In the 1880s, U.S. policy makers viewed reservation land, used in common by tribal members, as an obstacle to “civilizing” Indians. To hasten assimilation the government divided reservations into parcels for allotment to individual tribal members, with remaining land sold to non-Indians. By imposing the concept of private property on tribal communities, the government’s policy broke deep Native connections to the land and laid the foundation for the loss of tribal territories.

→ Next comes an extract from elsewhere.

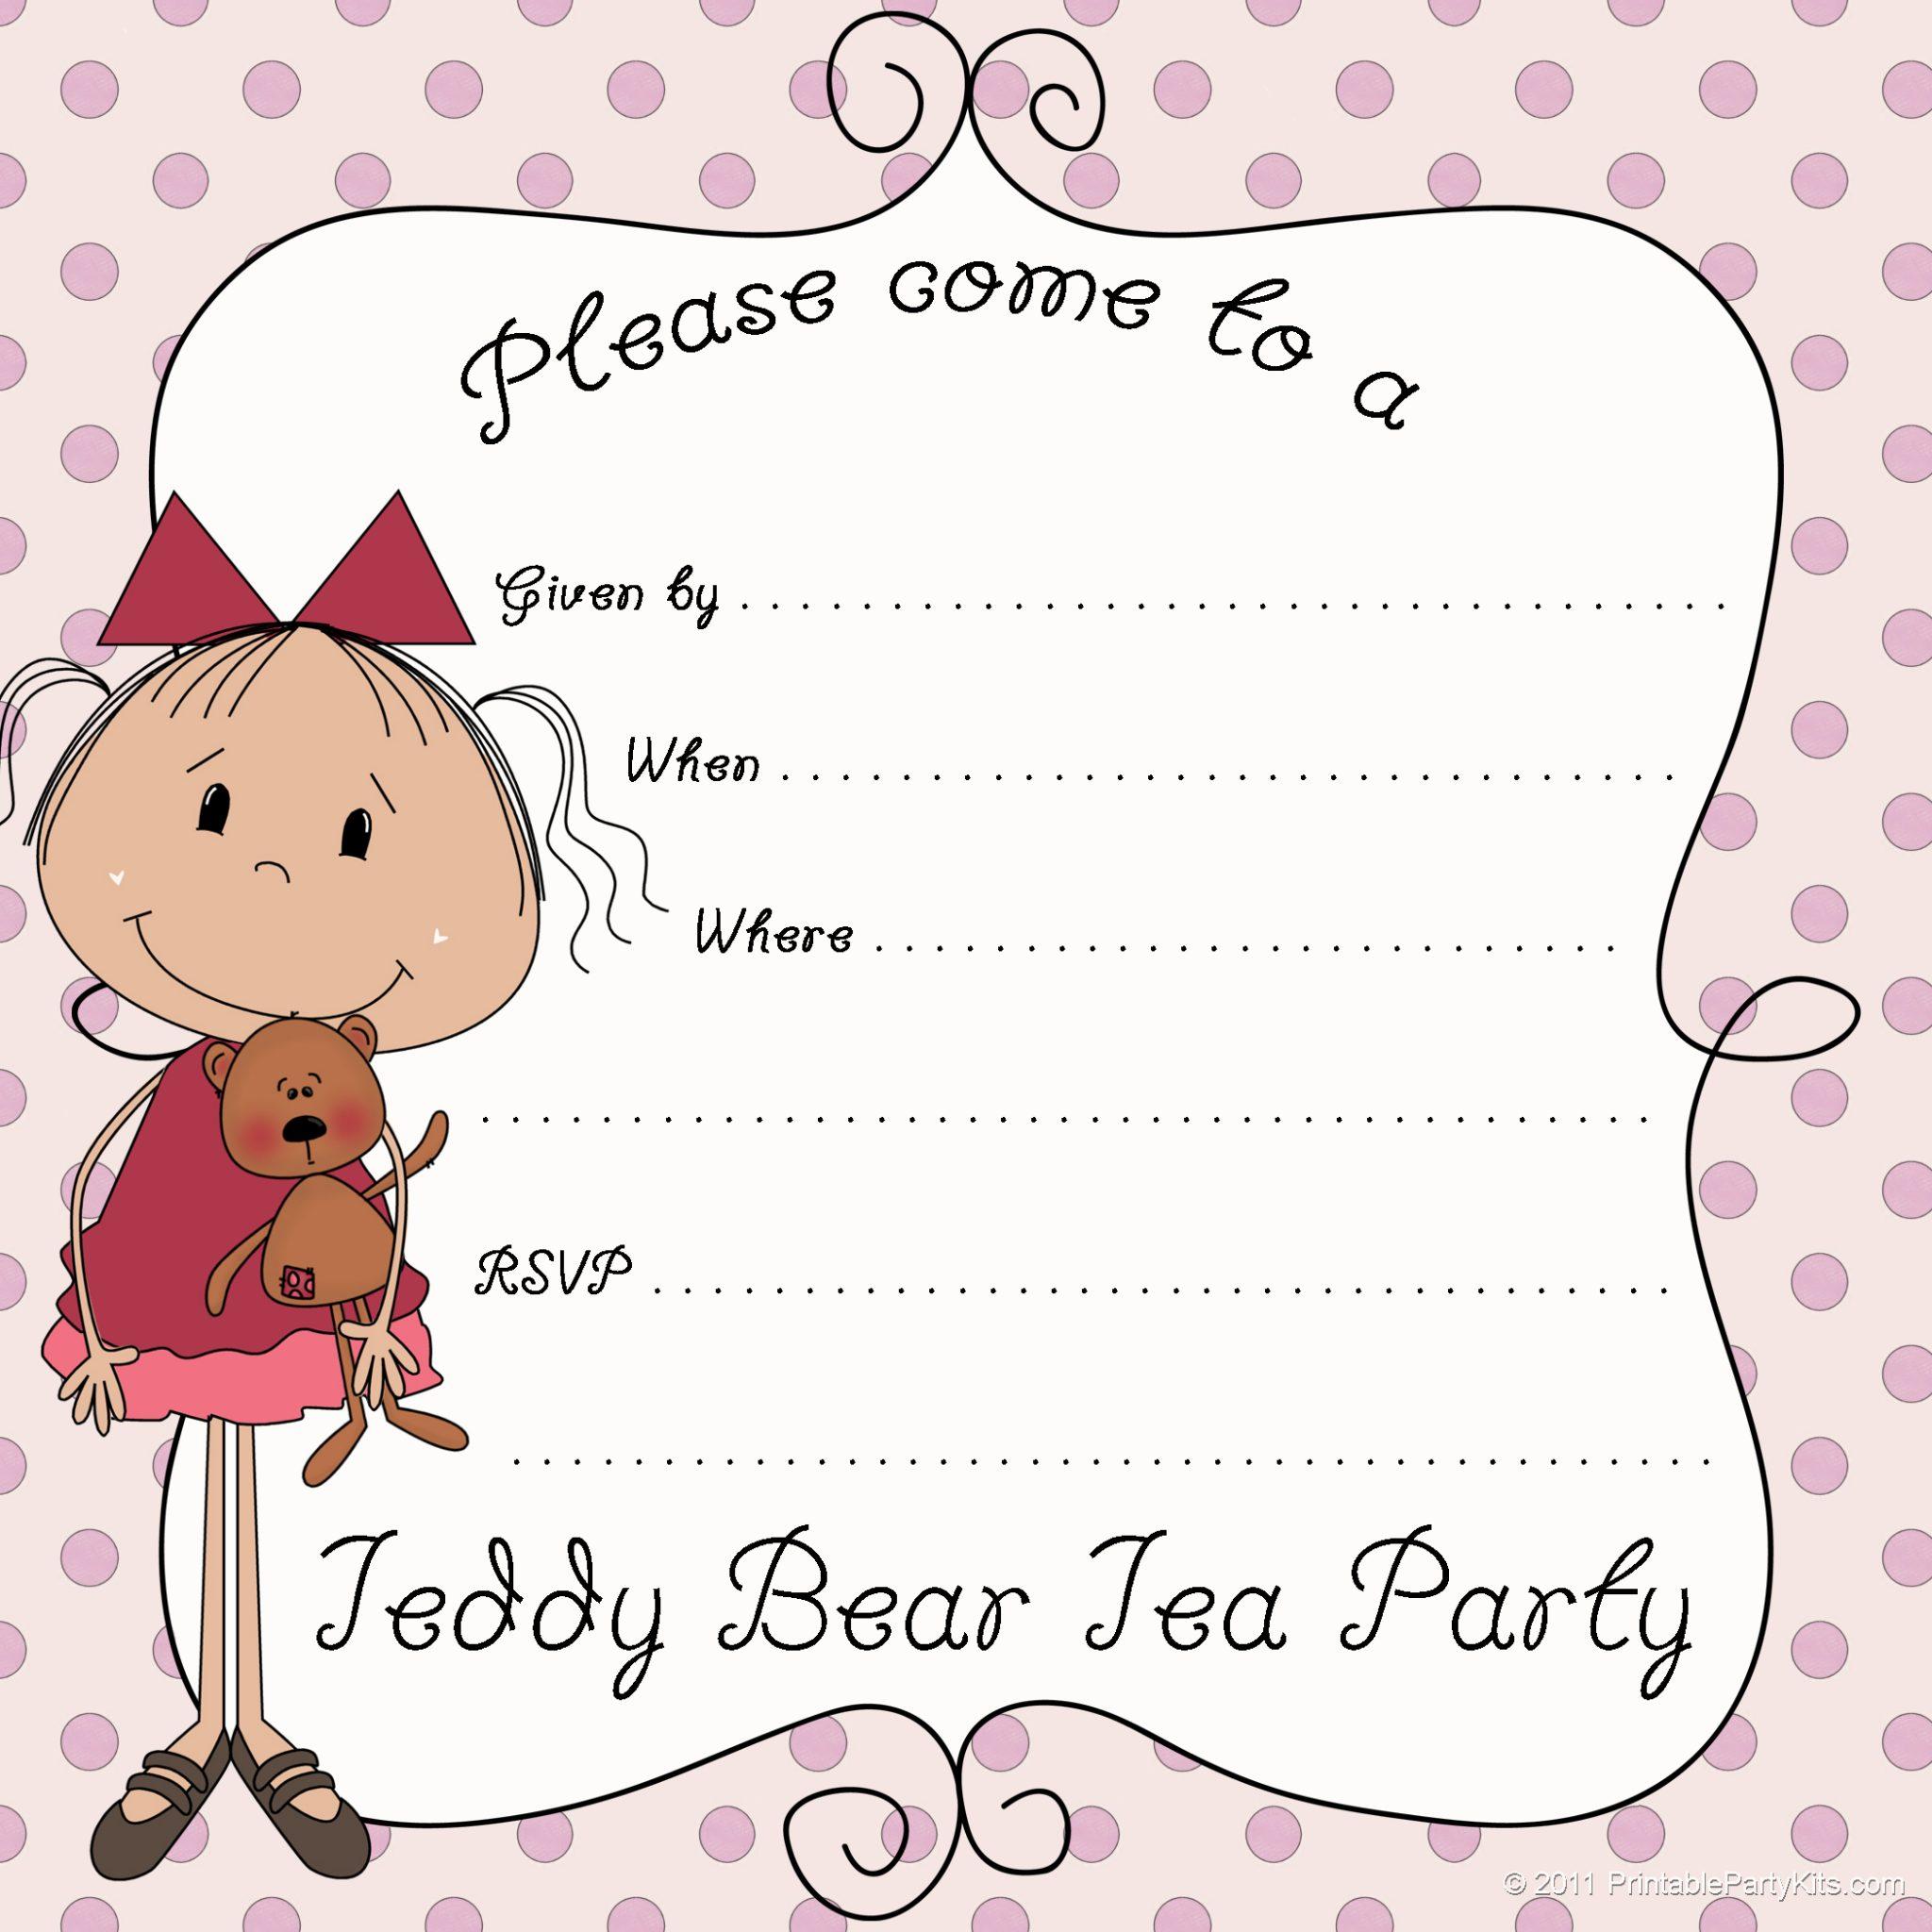 Free Printable Teddy Bear Tea Party Invitations - Printable Party Kits

“We have deliberated over the matter that you have laid before us. Your mission here is a failure.“
— Ne-quan-ah-quad, Red Lake tribal leader, speaking to U.S. government officials during discussions about the Nelson Act, which authorized the allotment of Minnesota’s Indian reservations, 1889
Far from transforming Indians into self-sufficient farmers, allotment resulted in extensive tribal land loss and resource exploitation. As Indians lost title to their allotments through fraud and corruption, the ownership of reservation lands passed to non-Natives. By the 1930s, Indians owned less than ten percent of the White Earth Reservation, four percent of the Leech Lake Reservation, and seven percent of the Mille Lacs Reservation.

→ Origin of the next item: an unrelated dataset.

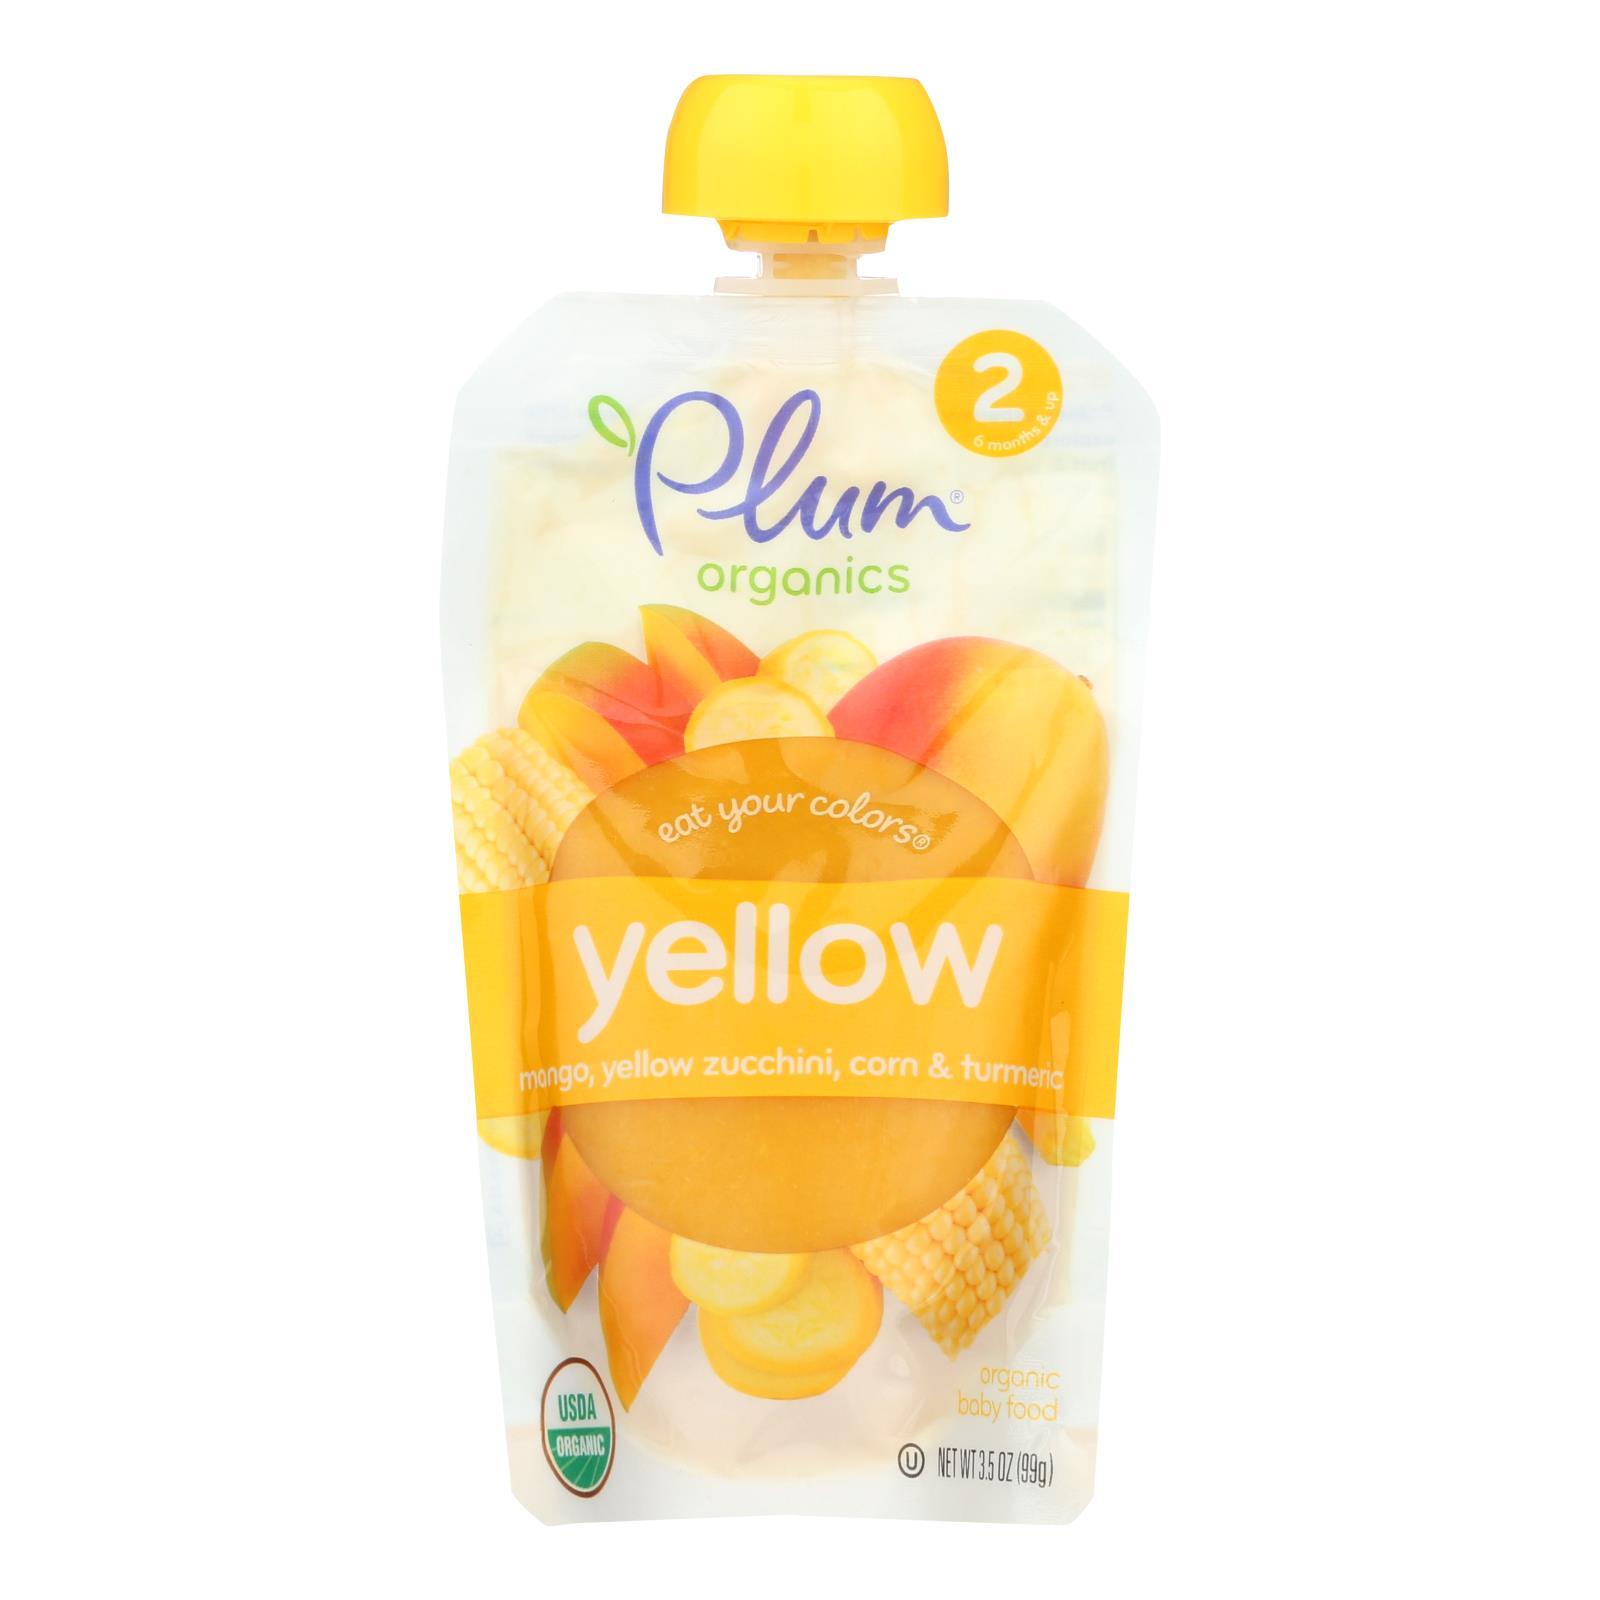 Plum Organics Baby Food  - Case of 6 - 3.5 OZ

Only the Red Lake Band successfully resisted the allotment of their tribally owned lands. U.S. government agents did their best to pressure Red Lake leaders into dividing up the reservation, but the chiefs held firm to a basic principle enshrined in their treaty: that Ojibwe had the right to hold their lands in common forever.
But at what price? Red Lake chiefs ceded 2.9 million acres in 1889 and another 256,152 acres in 1902—on top of the 11 million acres the tribe relinquished in the Old Crossing Treaty of 1863.

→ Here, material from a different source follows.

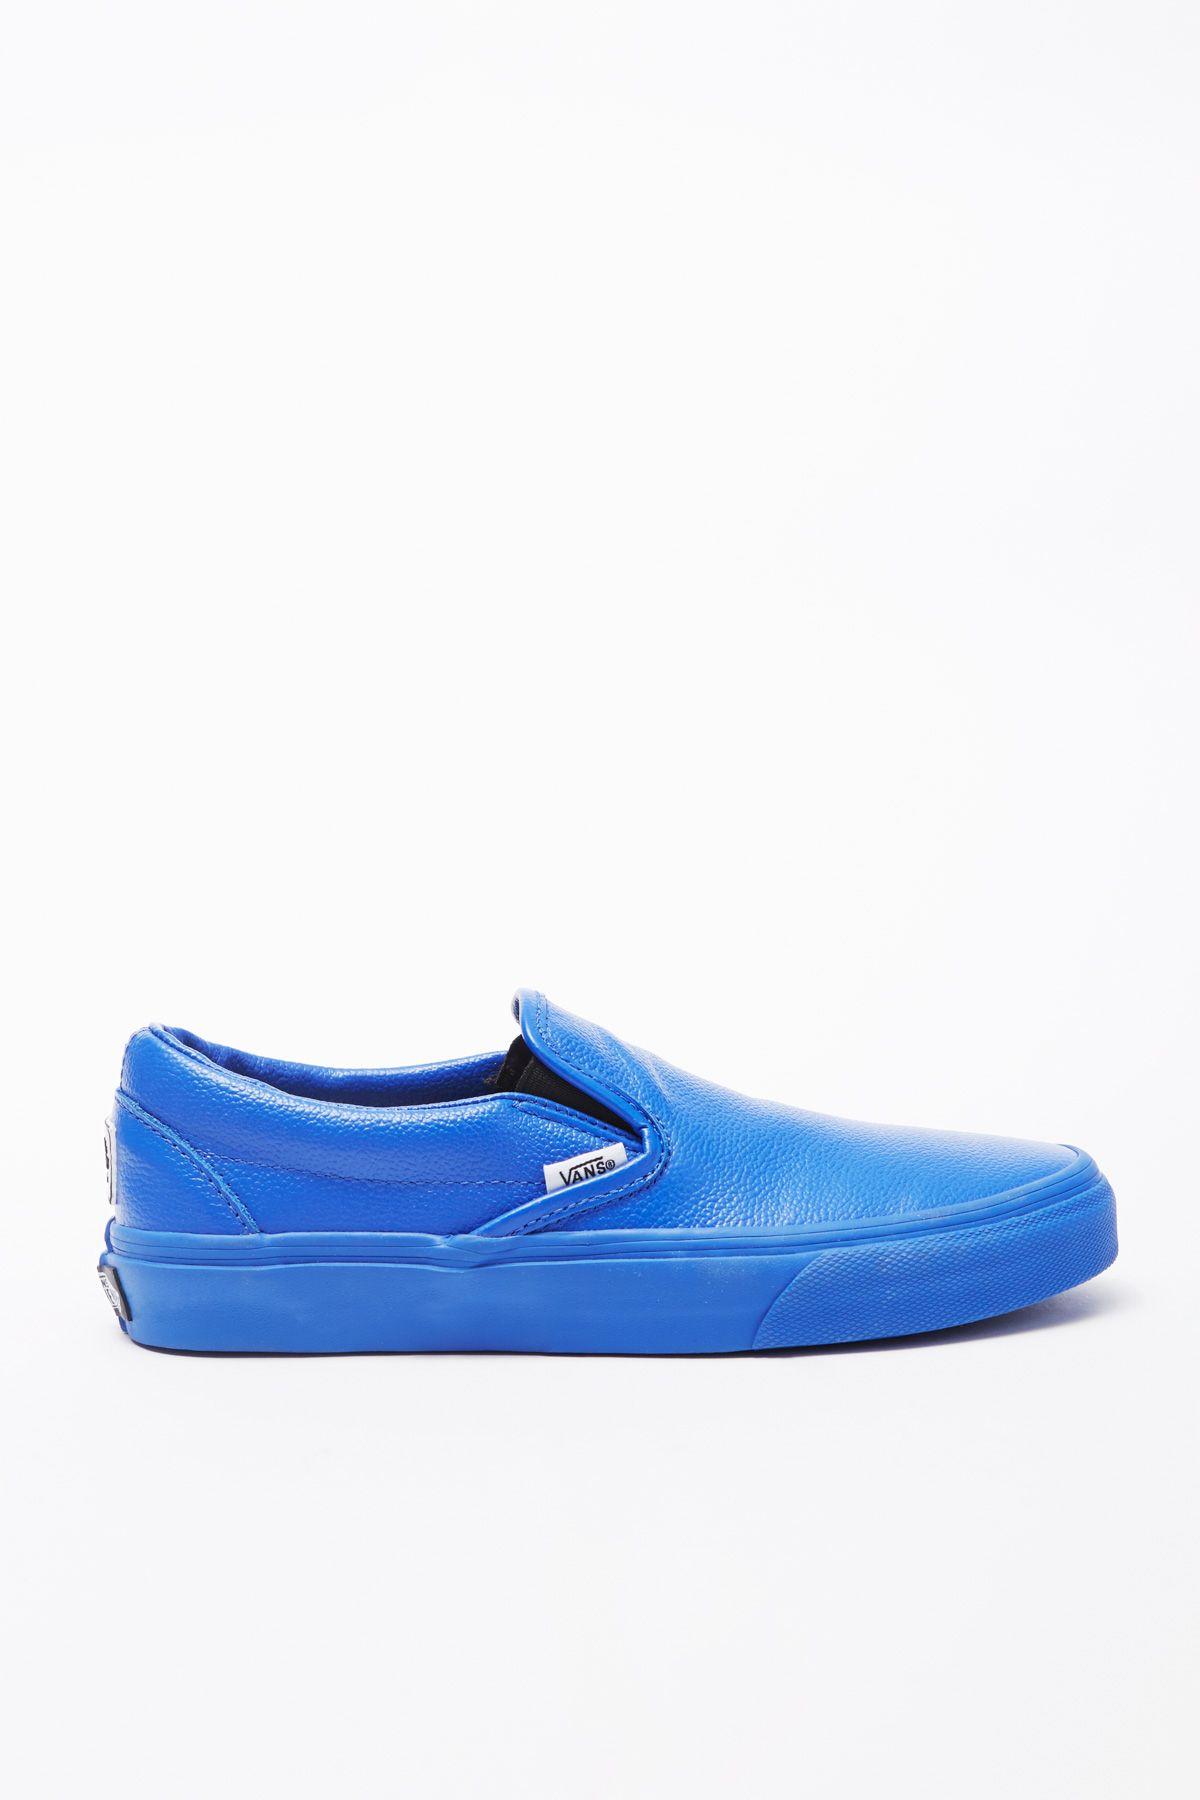 vans slip on blue leather

Dam-building projects on the headwaters of the Mississippi River threatened tribal lands and lifeways and ignited protests. The dams were intended to provide a consistent flow of water to float logs downstream and to power Minneapolis’s growing milling industry. Yet the dams also raised water levels, engulfing fish spawning grounds, wild rice beds, and Ojibwe grave sites.
“We now have only the pine lands of our reservation for our future subsistence and support, but the manner in which we are being defrauded out of these has alarmed us.“
Petition from the chiefs and headmen of the Pillager Band of Chippewa Indians, Leech Lake, Minnesota, 1898
Even after allotment, vast stands of timber were held by Ojibwe people, beyond the reach of lumber companies. In the early 1900s, Congress removed restrictions that prevented individual Indians from selling their allotments of tribal land, thereby opening the door to the exploitation of Indian timber reserves.
One of six federal dam projects built on Ojibwe lands on the Mississippi headwaters, the Winnibigoshish Reservoir Dam sparked a conflict between the Leech Lake Band and the U.S. government over compensation for damages resulting from the destruction of tribal property. After demanding fair compensation for almost a century, the band was awarded $3.3 million in 1985.